Category12 true, it has worked for years. My eldest made a comment about "being there for my family" earlier. Looks like my husband is getting to him, just as I guessed he would. I'm so deflated right now

OP posts:
DivorcedAndDelighted · 08/09/2022 11:09

@Fairyhair , I think what your children are learning here is very concerning. I have sons too, and my oldest has suggested, quite rightly, that I should have put my foot down earlier, and that being someone who is SO committed to marriage that you would never leave is a bad idea, because it enables or encourages bad behaviour. Your son is learning now how women should and can be treated. It's important that he sees you showing that your husband's behaviour is not acceptable, even if that is very hard for you. One of my younger sons has some "opinions" about how men are badly treated in divorce and, if I didn't have the support of older children who were looking at the situation with more life experience, I would find that more upsetting. You can't live your life for your children. Prioritising them does not mean that you have to do exactly what they want.
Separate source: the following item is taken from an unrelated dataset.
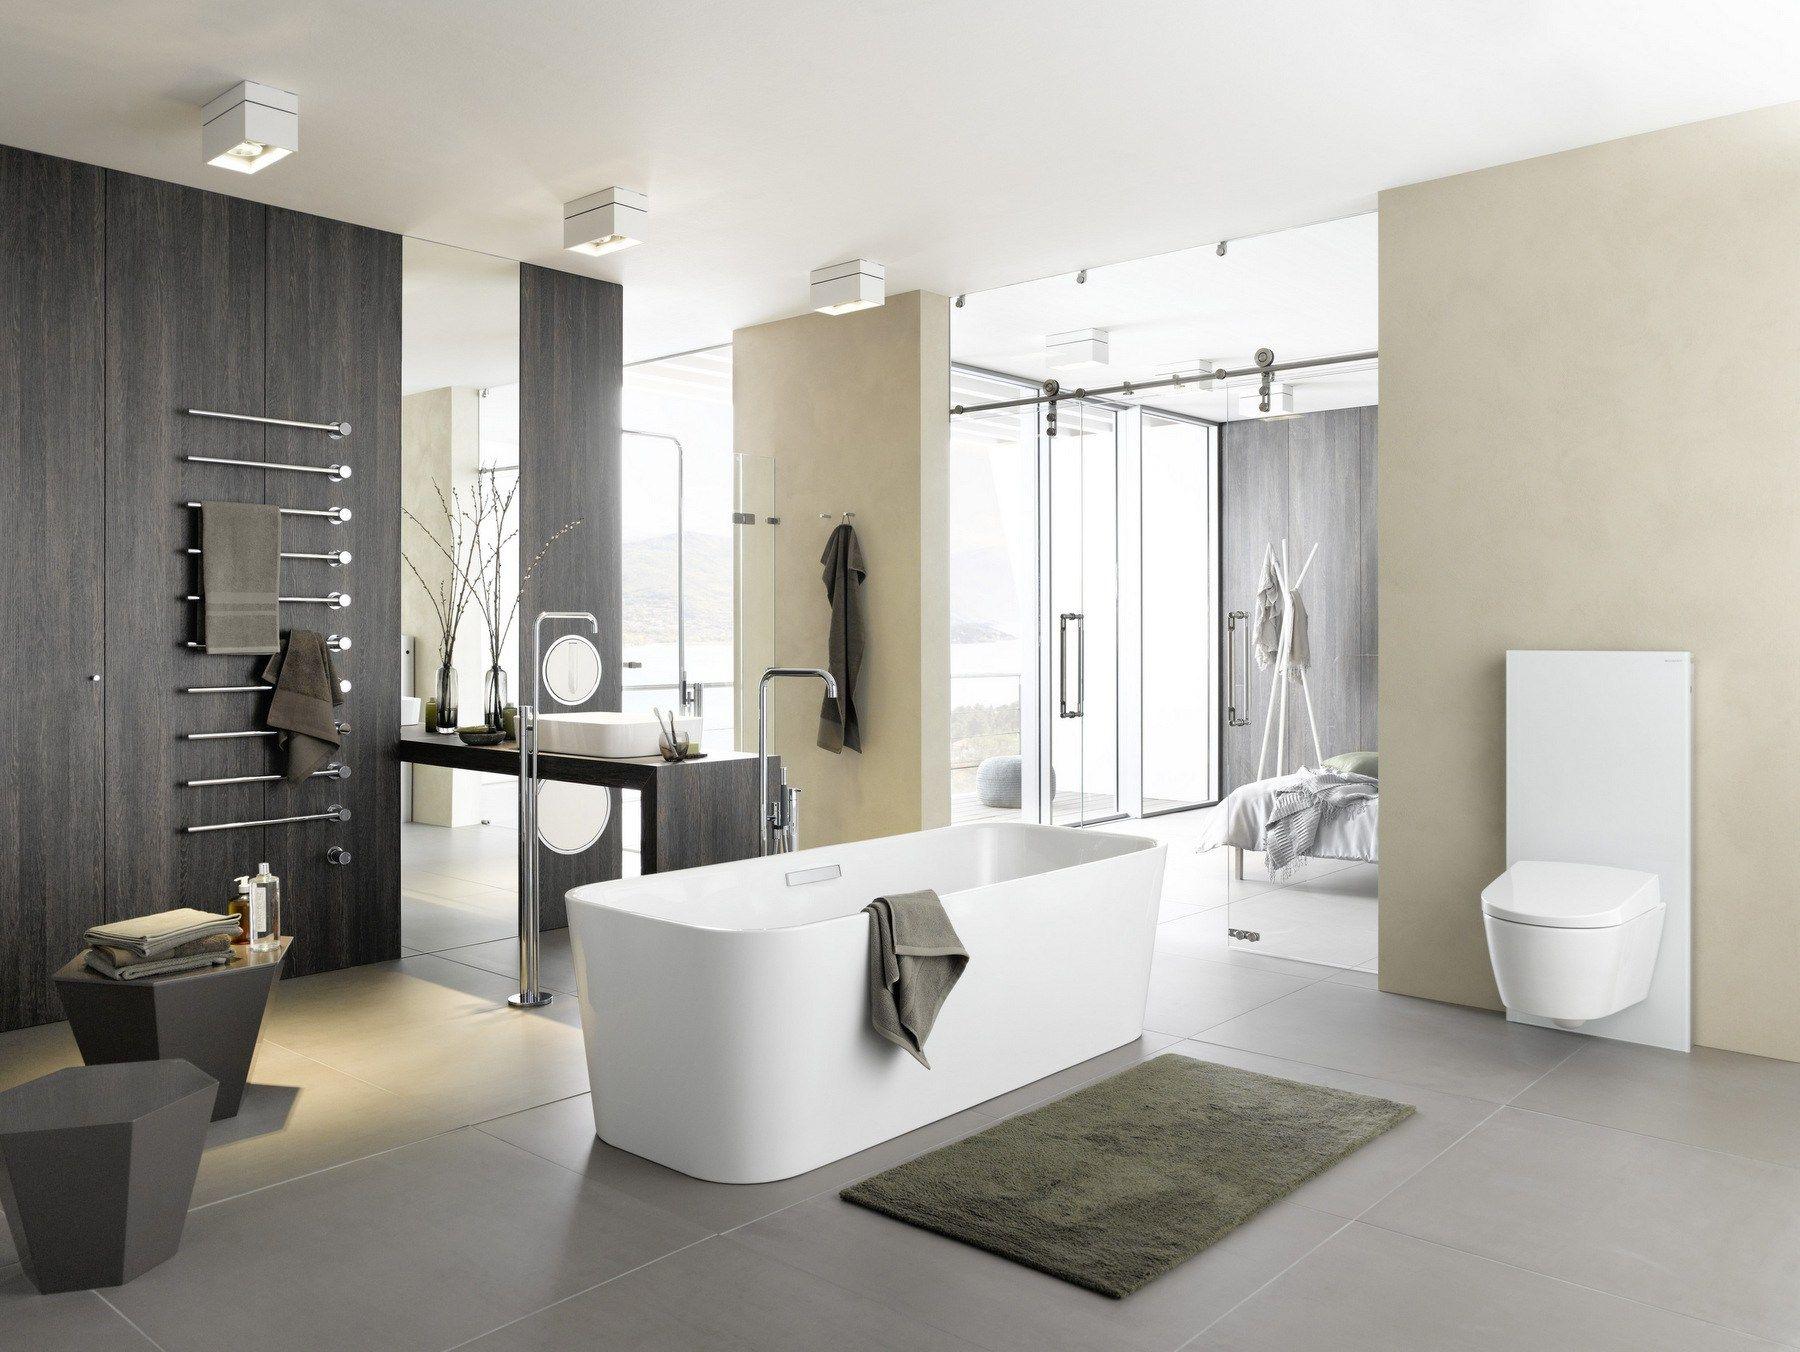 freistehende badewanne aus emailliertem stahl betteart kollektion freistehende badewannen by. Black Bedroom Furniture Sets. Home Design Ideas
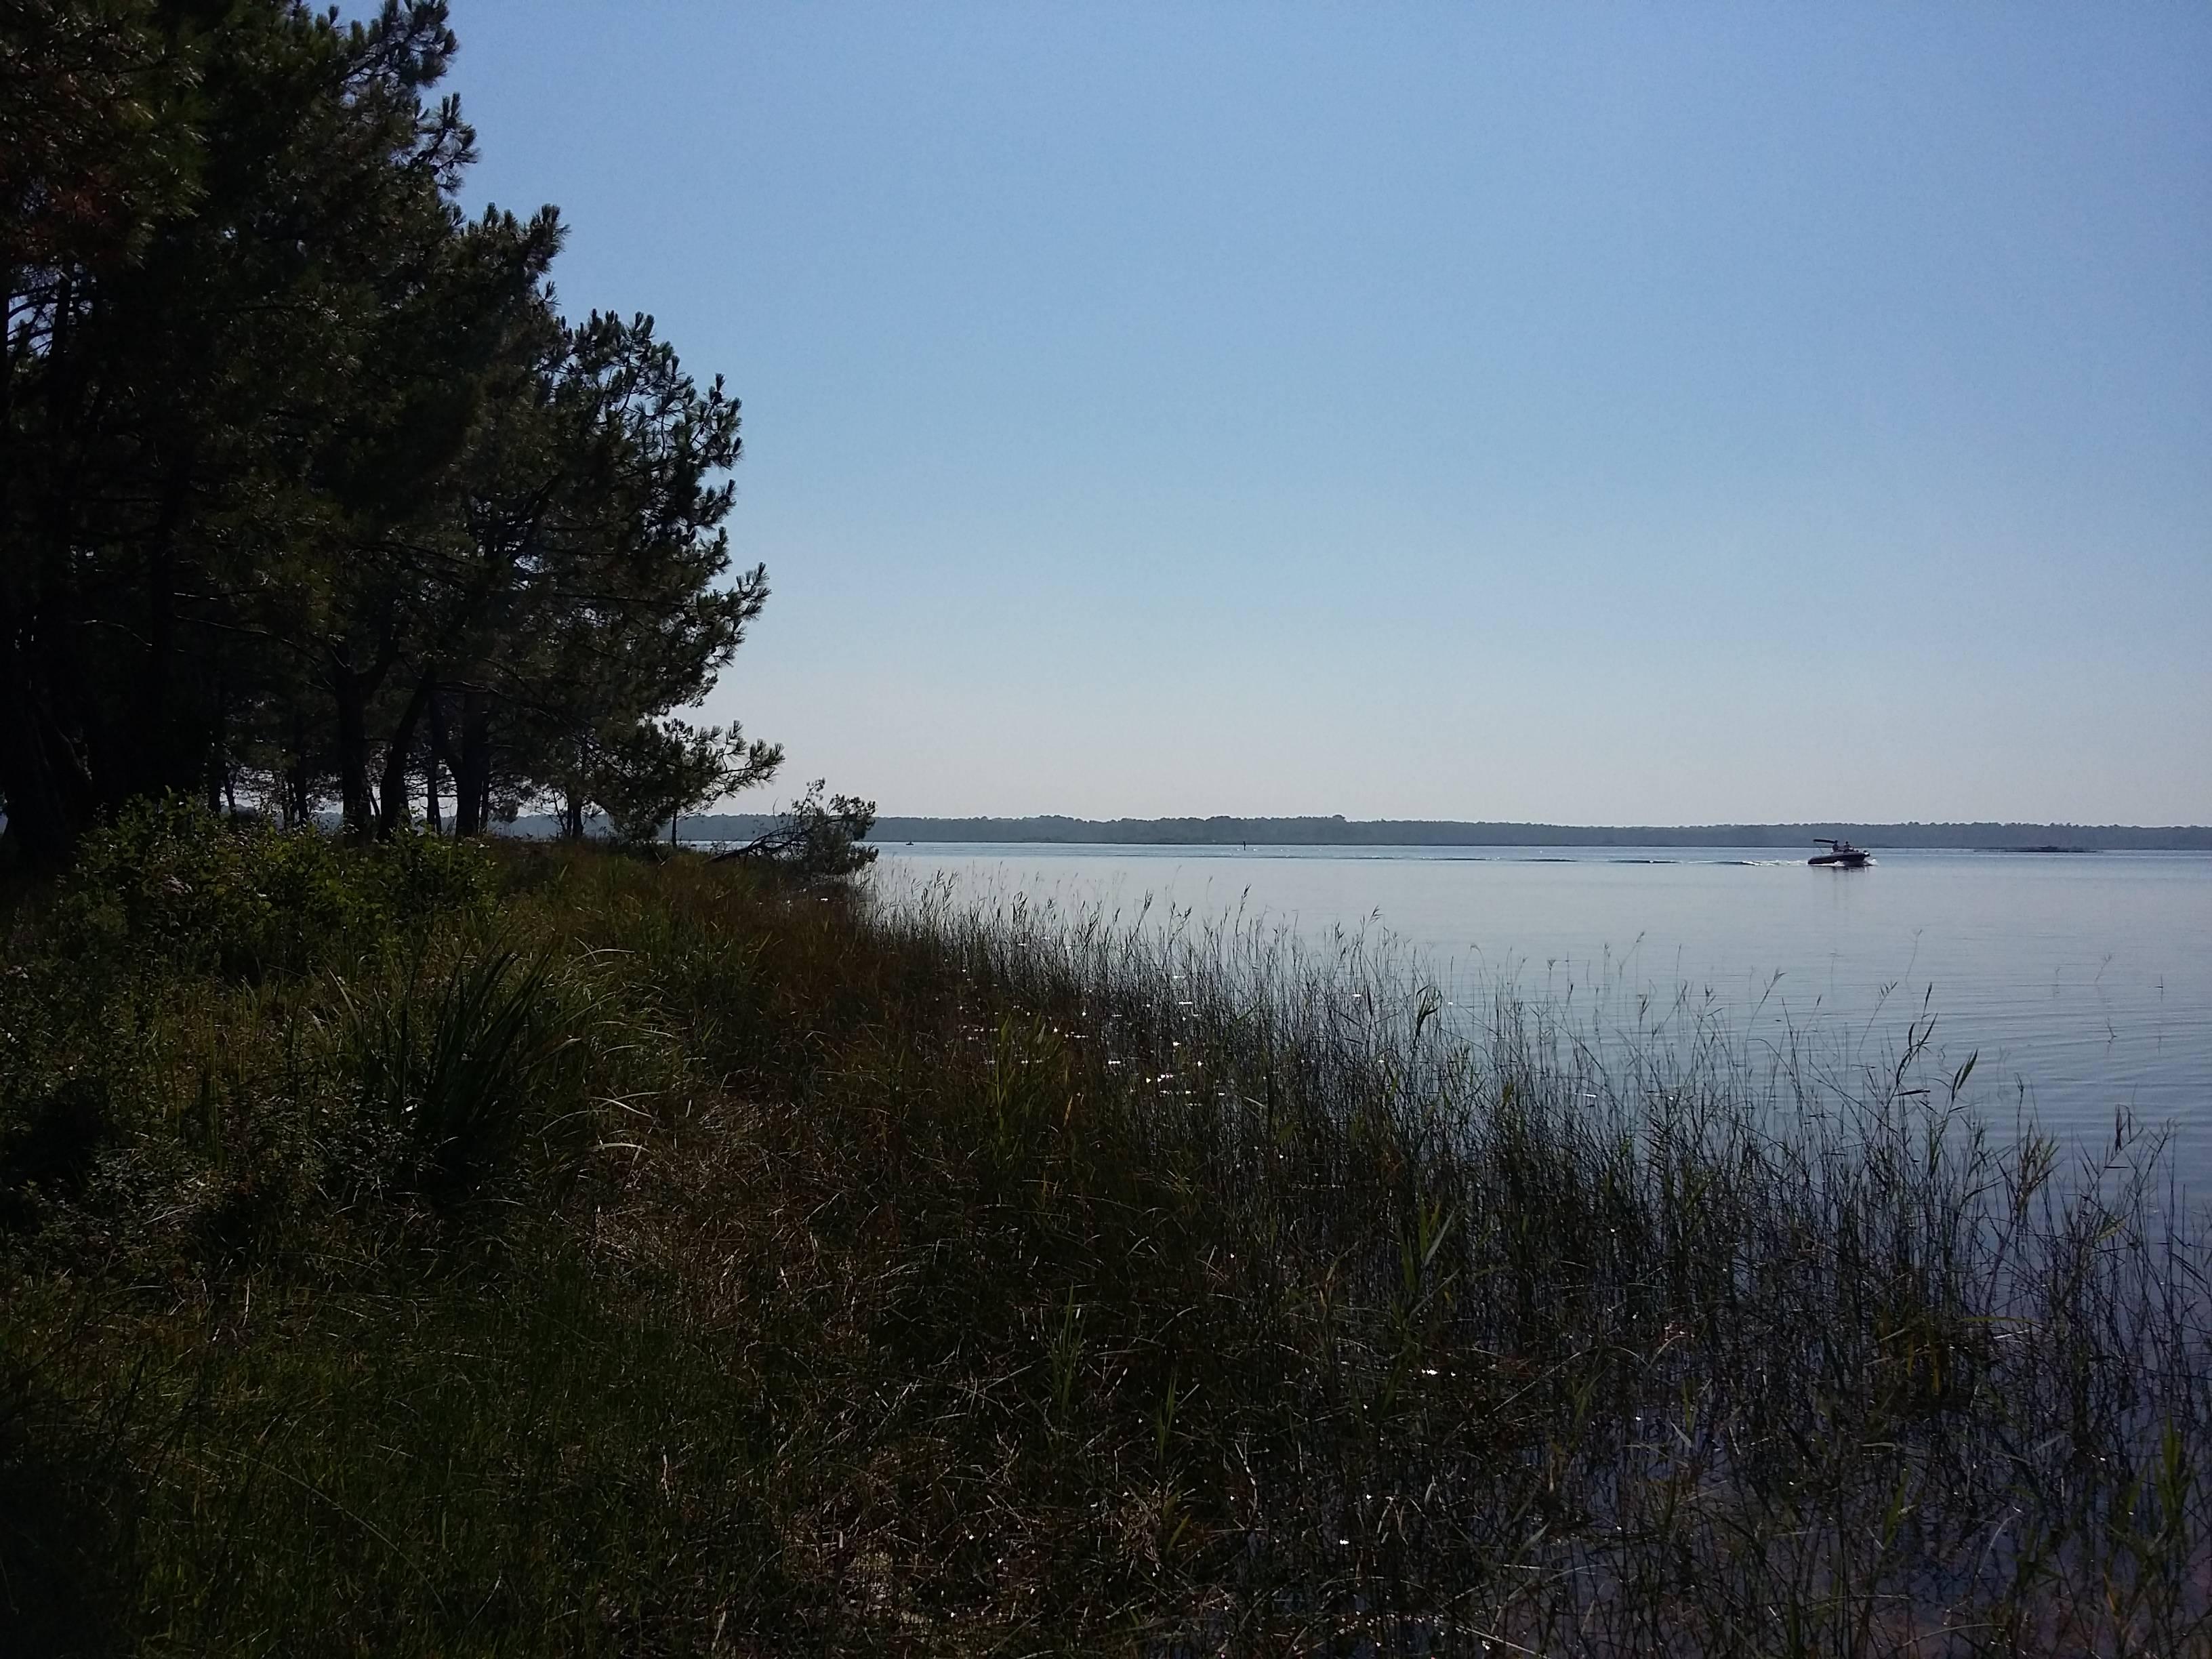 Photo 3: Sur la plage abandonnée au lac de lacanau

They are children; they don't know what's good for you, or for them.

I wonder if the fact that you have horses makes this extra difficult too. I'm also from an animal family and used to have horses. The workload and commitment is so great, it does mean you have more practicalities to juggle, not to mention expense. I know one couple with many animals who really have stayed together for the animals because they couldn't work out how to care for them if they separated. Maybe this is one reason you haven't been ready yet, but it's so heartening to read that you really are getting there.